Sandra Stoiber / EyeEm/Getty Images
- Flooding caused by rising sea levels has increased by 247% in some areas of New York since 2000.
- The nonprofit Billion Oyster Project aims to restore oyster reefs in New York’s five boroughs.
- They create a surprisingly effective flood defense, helping to build coastal resilience.
New York has been experiencing record flooding in recent years as a result of climate change.
Data shows that, since 2000, flooding caused by rising waters has increased by 247% in some areas of New York. Sea levels around the Battery area of New York, for example, have risen by almost nine inches since 1950.
However, in New York, a secret weapon has emerged in the fight against rising sea levels — oysters.
The World Economic Forum explained how these mollusks can make a surprisingly effective natural flood defense.
Behind the idea is the Billion Oyster Project, which has restored oysters on reefs in 15 locations in the five boroughs of the city.
11.2 million oysters have been added over the past 6 months to a section of the Hudson River off the coast of Lower Manhattan, where they’re helping to filter water and create habitats for other marine species, The New York Times reported.

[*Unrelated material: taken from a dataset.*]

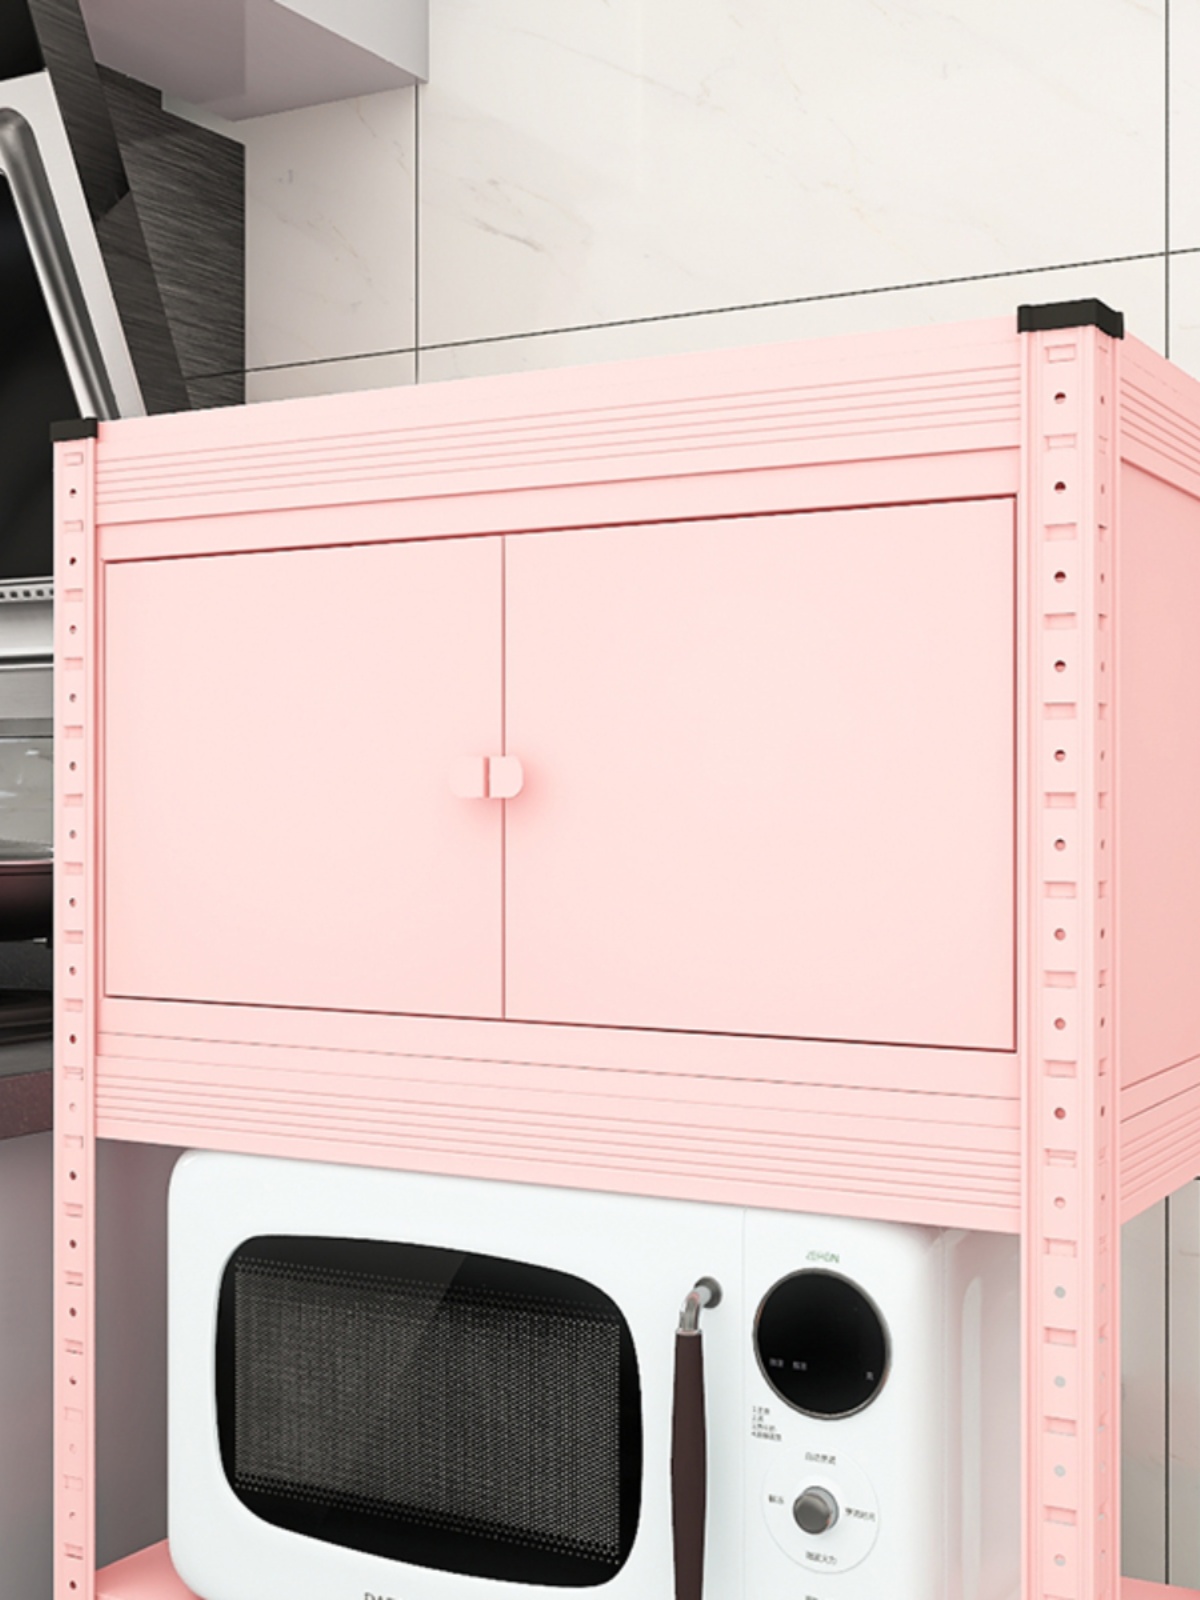 新品柜门厨房置物架配件 6种颜色柜体 随时可装在峰阳置物架上

Mollusks can soften the impact of large waves, reduce flooding, and prevent coastal erosion.
These abilities are supported by research published in Ecological Engineering, which explained that eco-engineered reefs provide a useful tool to help build coastal resilience in the face of climate change and rising sea levels.
The Billion Oyster project plans to restore 100 million oysters in New York Harbor over the next five years. In addition to mitigating flooding, water quality will be greatly improved and wildlife will re-emerge.
New York isn’t the only place in the US using oysters to tackle rising sea levels. The BBC reported that Louisiana is also using the mollusks to prevent the erosion of coastal wetlands.